精读笔记
Problem Setting
论文标题:Actor–Critic Model Predictive Control: Differentiable Optimization Meets Reinforcement Learning for Agile Flight(IEEE Transactions on Robotics / 2026)。
这篇论文真正处理的是极限飞行中的控制表示问题:如何在不手写参考轨迹/代价函数的情况下,仍然让部署时的控制动作保留动力学一致性、输入约束和短时预测能力。任务表面是 drone racing,但更本质的问题是:task-level reward 往往稀疏、非光滑、不可直接放进梯度型 MPC;而实时控制器又必须给出连续、可行、低延迟的动作。
以前路线卡在两端。经典 MPC/trajectory tracking 需要把“快且不撞地穿门”翻译成轨迹、contouring cost、进度项、约束和大量参数;这种翻译在极限飞行时很脆,因为参考轨迹一旦接近饱和,任何模型误差都会吃掉控制余量。model-free RL 则可以直接优化 lap time / gate progress / crash penalty,但策略本身是黑盒映射,OOD 初始状态、风扰、动力学参数变化时缺少结构性纠错。
关键矛盾是:任务目标需要 long-horizon trial-and-error,低层动作需要 short-horizon model-based feasibility。AC-MPC 的问题设定正是把这两个时间尺度放进同一个 actor-critic 框架,而不是继续在 planner-controller 或 policy-controller 之间做人工接口。
Motivation
作者的核心动机不是“把 MPC 和 RL 结合”这个泛泛命题,而是指出 MPC 的可部署性和 RL 的可优化性之间缺一个合适的策略参数化。
MPC 不够的地方在于:它需要人把任务写成可微、稠密、近似二次的代价;对 drone racing 这类任务,这个过程本身就是主要 engineering。tracking MPC 的参考轨迹只是任务的 proxy,且在极限状态下 proxy 与真实目标会分离。economic MPC 可以直接写任务代价,但真实任务 reward 往往有门通过、碰撞、完成比赛等离散事件,难以直接用于高频梯度优化。
RL 不够的地方在于:它把动力学可行性、饱和边界、局部稳定性都交给数据学习。即使最终性能很高,它也可能只是学到了训练分布内的动作模板,部署时缺少物理约束层。作者的观察是,如果神经网络不直接输出 action,而是输出一个 MPC 可求解的局部代价,那么 RL 可以继续处理任务级 reward,MPC 则承担动作层的物理结构。

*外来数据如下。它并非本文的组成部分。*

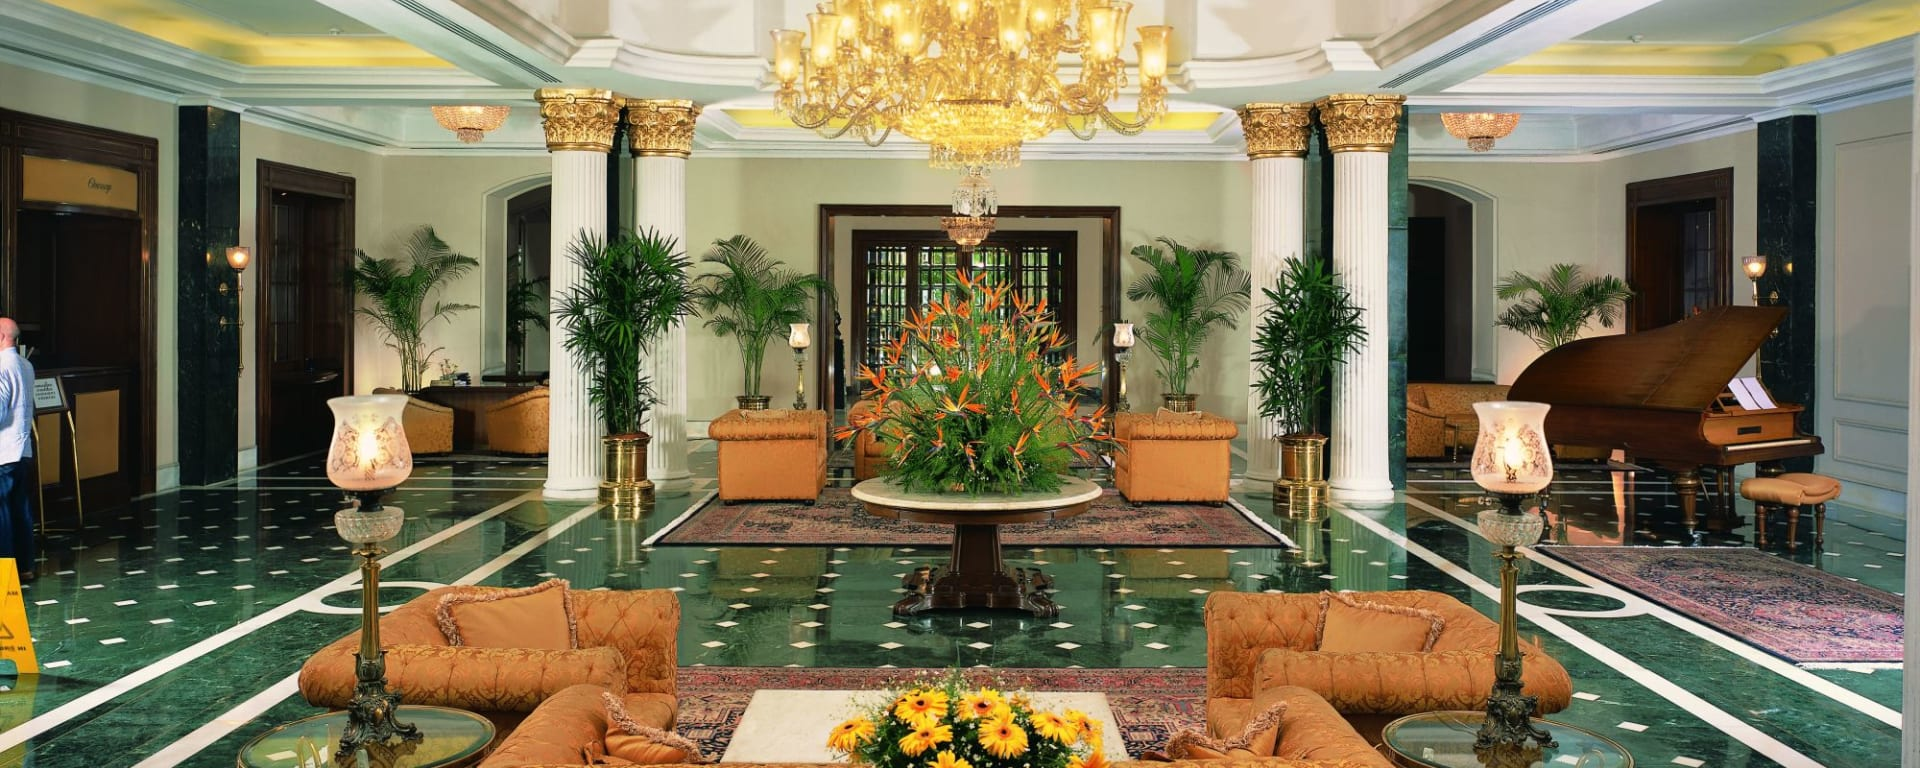 The Oberoi Grand à Kolkata: Grand Lobby

所以这篇的关键缺口是:如何让 task reward 学出来的东西进入 MPC,但不经过人工轨迹/代价设计;同时又能让 MPC 层可微,使 RL 真的端到端更新这个代价。
Core Idea
核心思想很简单但有效:把 actor 从一个直接 action generator 改成一个 cost generator。神经网络根据观测输出 MPC 的二次代价参数 Q 和 p;随后 differentiable MPC 根据当前状态、已知动力学和输入约束解一个短 horizon 最优控制问题,取第一步控制作为策略均值。训练时用 PPO 对这个复合 actor 做策略梯度,梯度穿过 MPC 求解器回到 cost map。

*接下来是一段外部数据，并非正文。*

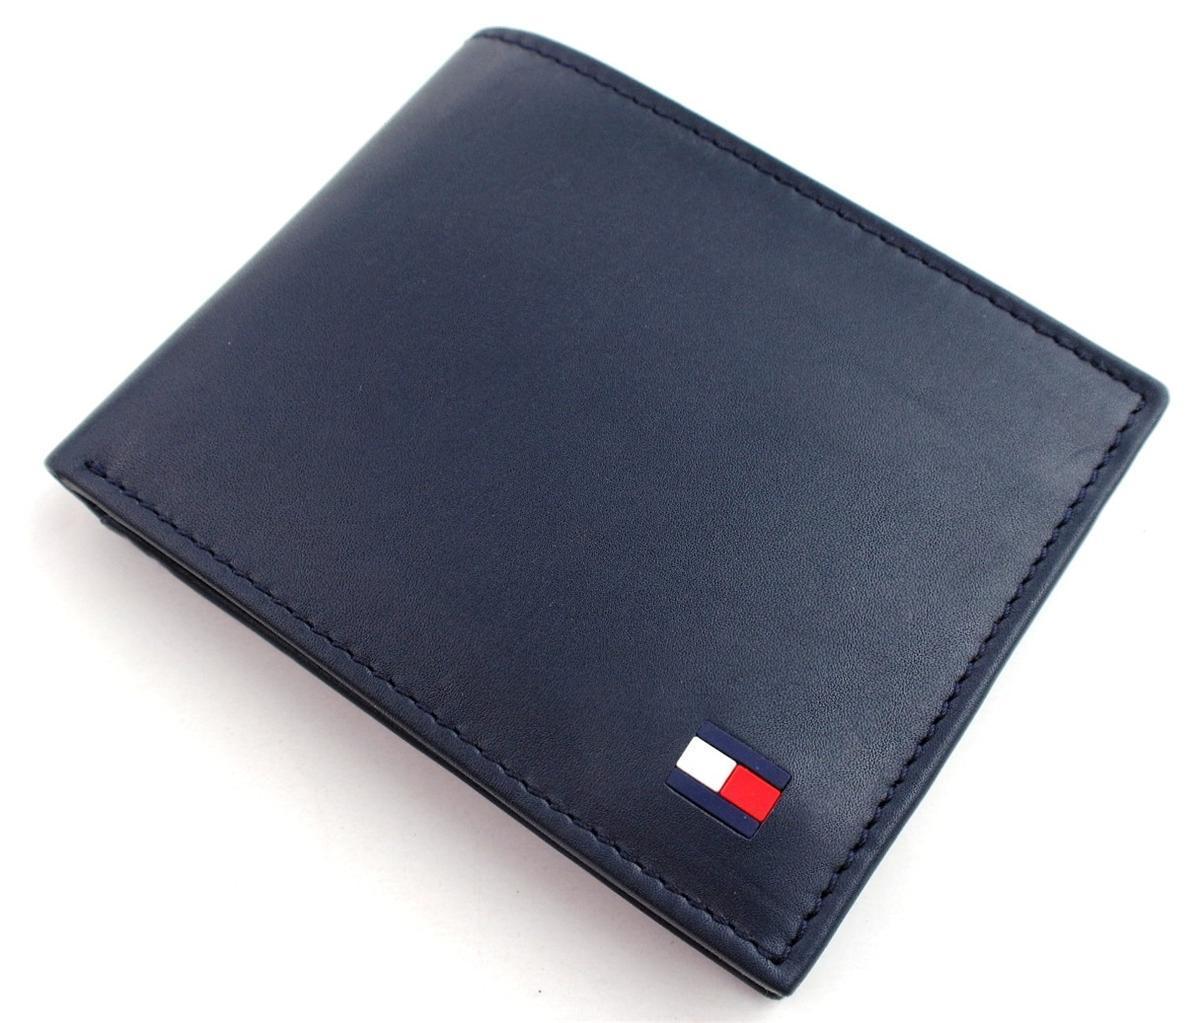 Tommy-Hilfiger-Men-039-s-Premium-Leather-Credit-Card-ID-Wallet-Passcase-31TL22X046 thumbnail 28

这个建模方式改变了策略学习的对象:不是学习“在某个观测下该打多少 thrust/body rate”,而是学习“在这个观测下,局部优化问题应该长什么样”。这比直接学 action 更有结构,因为动作必须是某个动力学约束优化问题的解;也比传统 MPC 更灵活,因为这个优化问题的代价不是人工写死,而是由 RL 从任务 reward 中塑形出来。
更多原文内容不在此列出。